Das gemeinnützige Charityprojekt anrührender Kindergesänge lohnt sich jedenfalls finanziell. In den 90ern folgen weitere fünf Alben nunmehr unter dem Chornamen ANGELS VOICES. Beteiligungen an Filmmusik wie an William Shakepeare’s Romeo + Juliet (‚Everybody’s Free (To Feel Good)‘, 1996) und Kooperationen wie mit ELTON JOHN (‚The Big Picture‘) machen den Chor immer bekannter. Es folgen mehrere Teilnahmen an TV-Shows. Einzelne Solisten wie LIAM O’KANE finden persönliche Anhängerschaft. Der Chor wächst auf rund 40 Mitglieder an. Dutzende Videos werden produziert, die die Sänger in einer mythisch verbrämten Atmosphäre von Kathedralen und Höhlen zeigen. Trugen sie als Kirchchor noch klassisch englische Uniformen, erhalten sie ab Ende der 80er weiße Umhänge, die sie als Engel verkitschen. Der typisch katholische Fokus auf den süßen, unschuldigen Ministranten an der Seite des Priesters wird betont, erst recht als PRIZEMAN den Chor nach dem katholischen Lied und gleichnamigen Album in LIBERA umbenennt.
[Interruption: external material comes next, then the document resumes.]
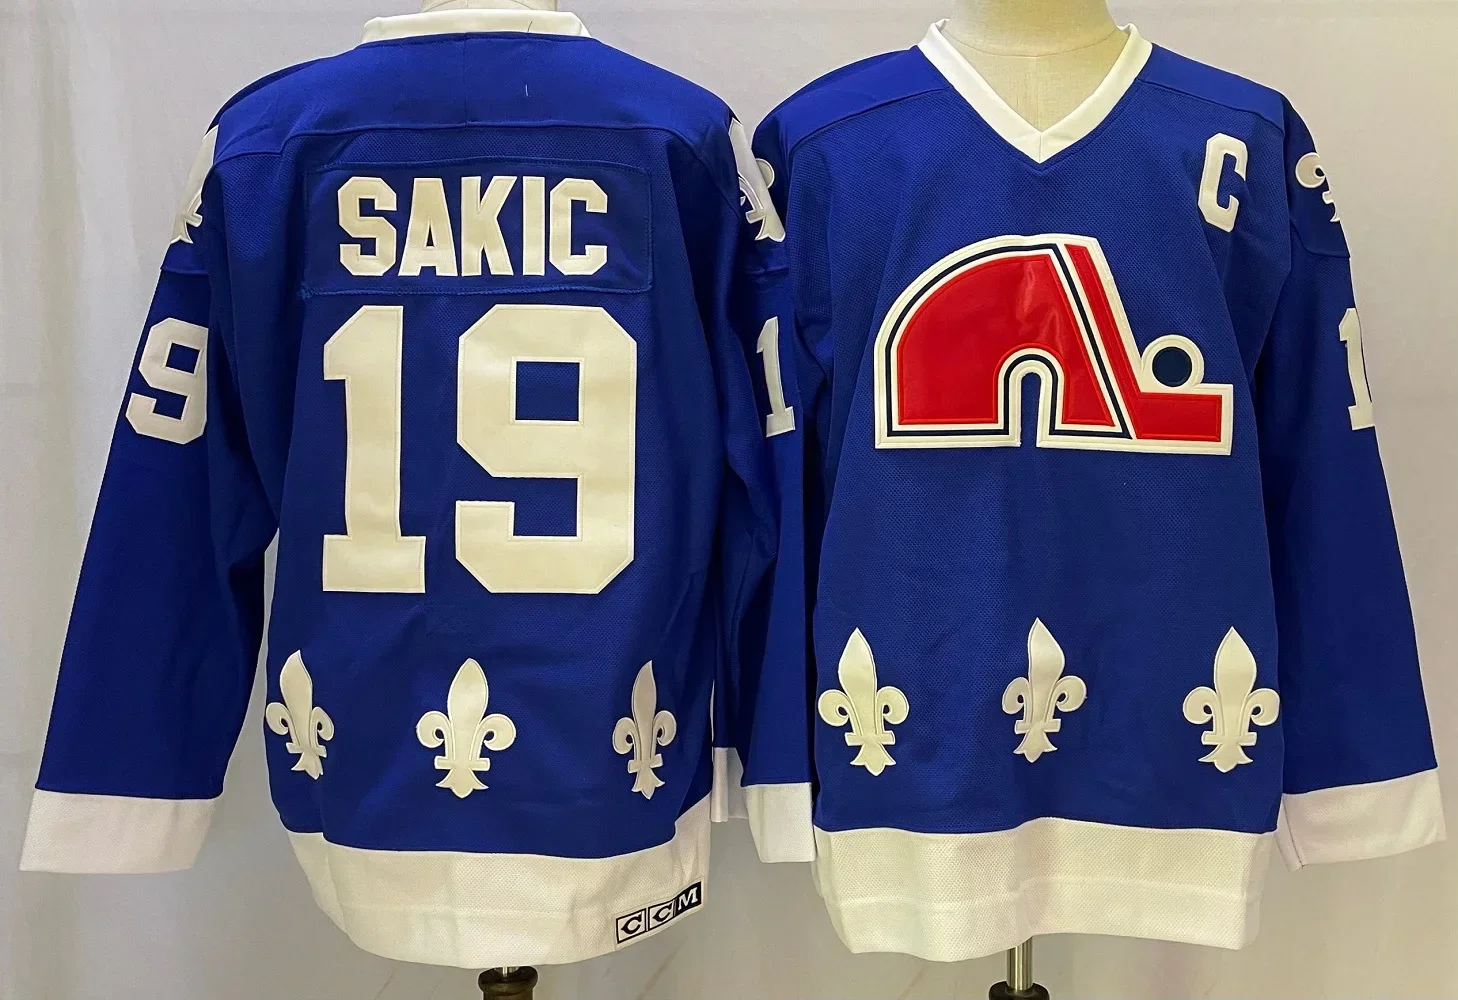 

Joe Sakic Jersey Quebec Ice Hockey Jersey 19 Old Team Retro Classic Sweater Stitched Letters Numbers US Size More Color S-XXXL

Mit einer neuen Generation aus Chorknaben gelingt in den 2000ern der internationale Durchbruch. Die Kinder werden für den christlichen Markt in Japan, den USA und den Philippinen produziert, wo sie vorrangig auftreten und selbst in den Mainstream-Top 10 auftauchen. Als LIBERA werden nicht weniger als 16 Alben released und re-released. Im Sommer 2008 singt der Chor vor dem damaligen Papst Benedikt XVI., vor jenem Mann also, der noch als Chef der vatikanischen Glaubenskongregation einen gewaltigen Anteil an der Vertuschung von sexuellem Kindesmissbrauch in der katholischen Kirche hatte. 2010 deckte der deutsche Missbrauchsskandal auch die Verbrechen bei den Regensburger Domspatzen und im Leipziger Thomaner-Chor auf. Davon war kein Wort zu hören im Thomaner-Werbefilm Das Fliegende Klassenzimmer (2003) oder in der letztjährigen Doku Die Thomaner. Auch in der Vatikan-Doku Francesco und der Papst (2011) lebt das Ideal des braven Chorknaben mit der Engelsstimme weiter.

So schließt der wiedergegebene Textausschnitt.